Draco trailed after Neville and Potter, forcibly wrenching his gaze from the latter’s arse. “I feel like we don’t spend enough time discussing my suffering,” Draco announced.
No one acknowledged him.
“I had never slept in a bunk bed before, you know. I had never even seen one.”
“Shut up, Malfoy,” Neville said mildly. “It’s not much, Harry, but it does the job.”
“You can hear Granger and Boy Weasley making horrific Gryffindor love. It’s, honestly, I think it qualifies as a war crime.”
“Is Gryffindor love different from any other kind?”
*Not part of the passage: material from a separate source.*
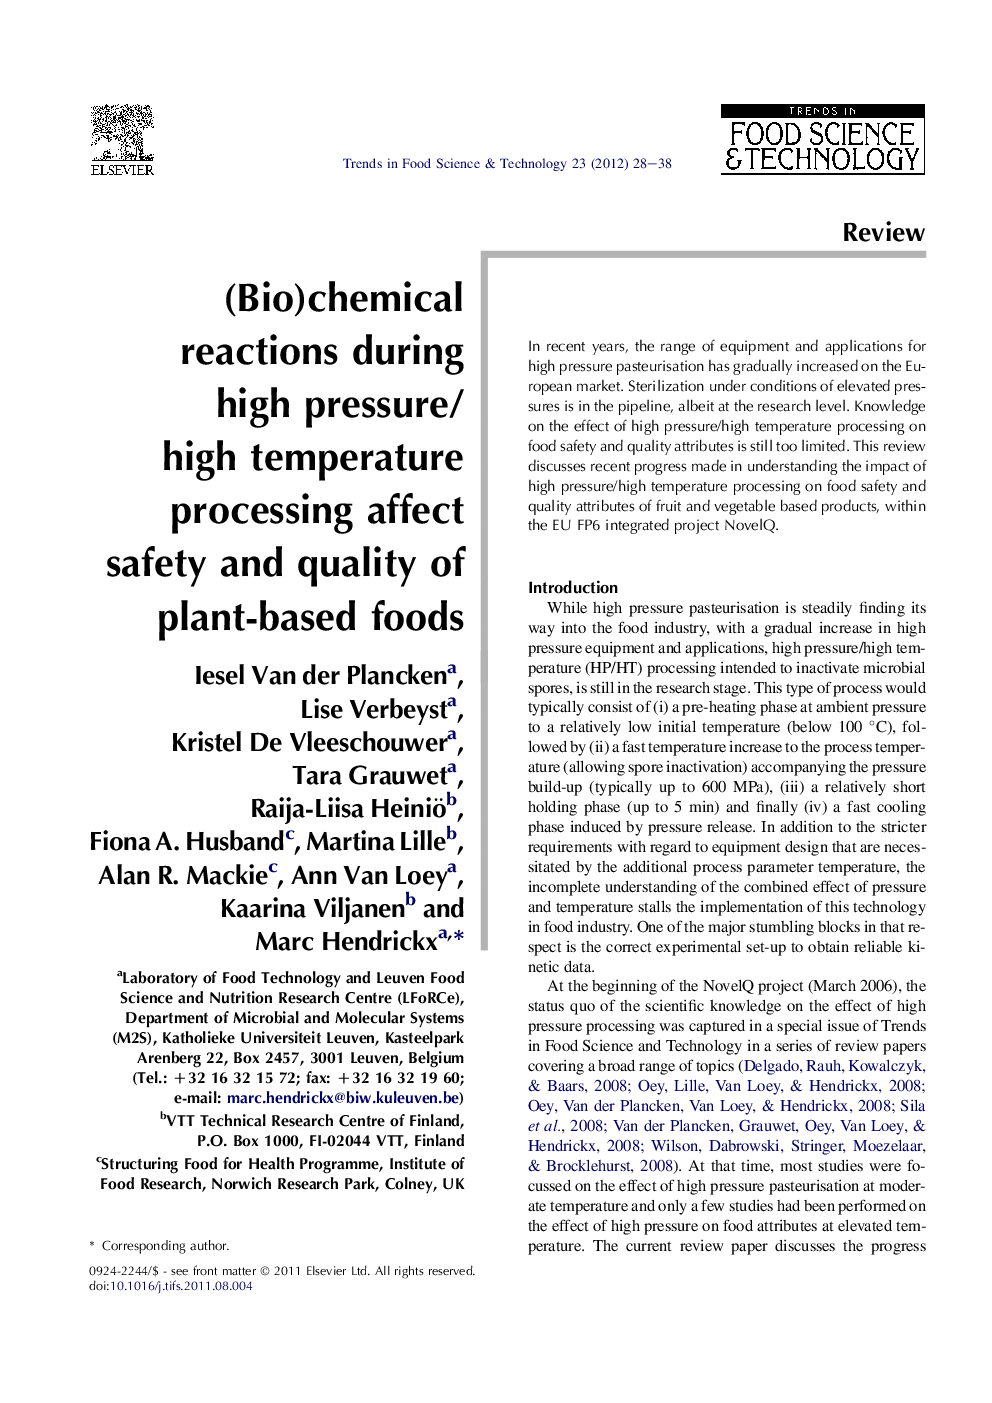 (Bio)chemical reactions during high pressure/high temperature processing affect safety and quality of plant-based foods

“More saliva,” Malfoy informed Neville, with dignity. “Slytherins would never.”
“I don’t know, I’ve seen you and Pansy Parkinson —”
Draco impelled a pillow towards Longbottom’s face before he could finish that undoubtedly touching memory of their schooldays.
“I used to live in a cupboard,” Potter admitted, like that was something people just went around saying. “This looks all right.”
“Well there’s no need to jest, Potter,” Draco huffed, sitting on his own bed. “Just choose your sleeping quarters already.”
“You can have the bottom bunk, Harry,” Neville said, taking his wand out to switch the sheets. “I don’t mind.”
“Cheers,” Potter said, and slumped onto his bed. The duvet sort of drifted down around him, curling around his legs like a fluffy cat. He patted it absently. Potter had abysmally bitten nails and long, brown fingers.
“We don’t have much storage space, unfortunately,” Neville continued, as if he weren’t damning Draco to night after night of sleeping right across from Potter, “But we’ll make some room in the wardrobe. Right, Draco?”
“Hm?” Draco forced himself to stop analysing stupid Potter’s stupid hands. “Oh, I suppose. If we must.”
Neville raised one eyebrow, but didn’t argue. It was one of the most annoying things about Longbottom, and there were many.
“I don’t have much stuff,” Potter said, as if they hadn’t broken into his flat and stolen his not very much stuff already that day.
Draco lay down and pretended he was dead. “Don’t fret, Potter. I’m sure you’ll inconvenience us in many, many other ways.”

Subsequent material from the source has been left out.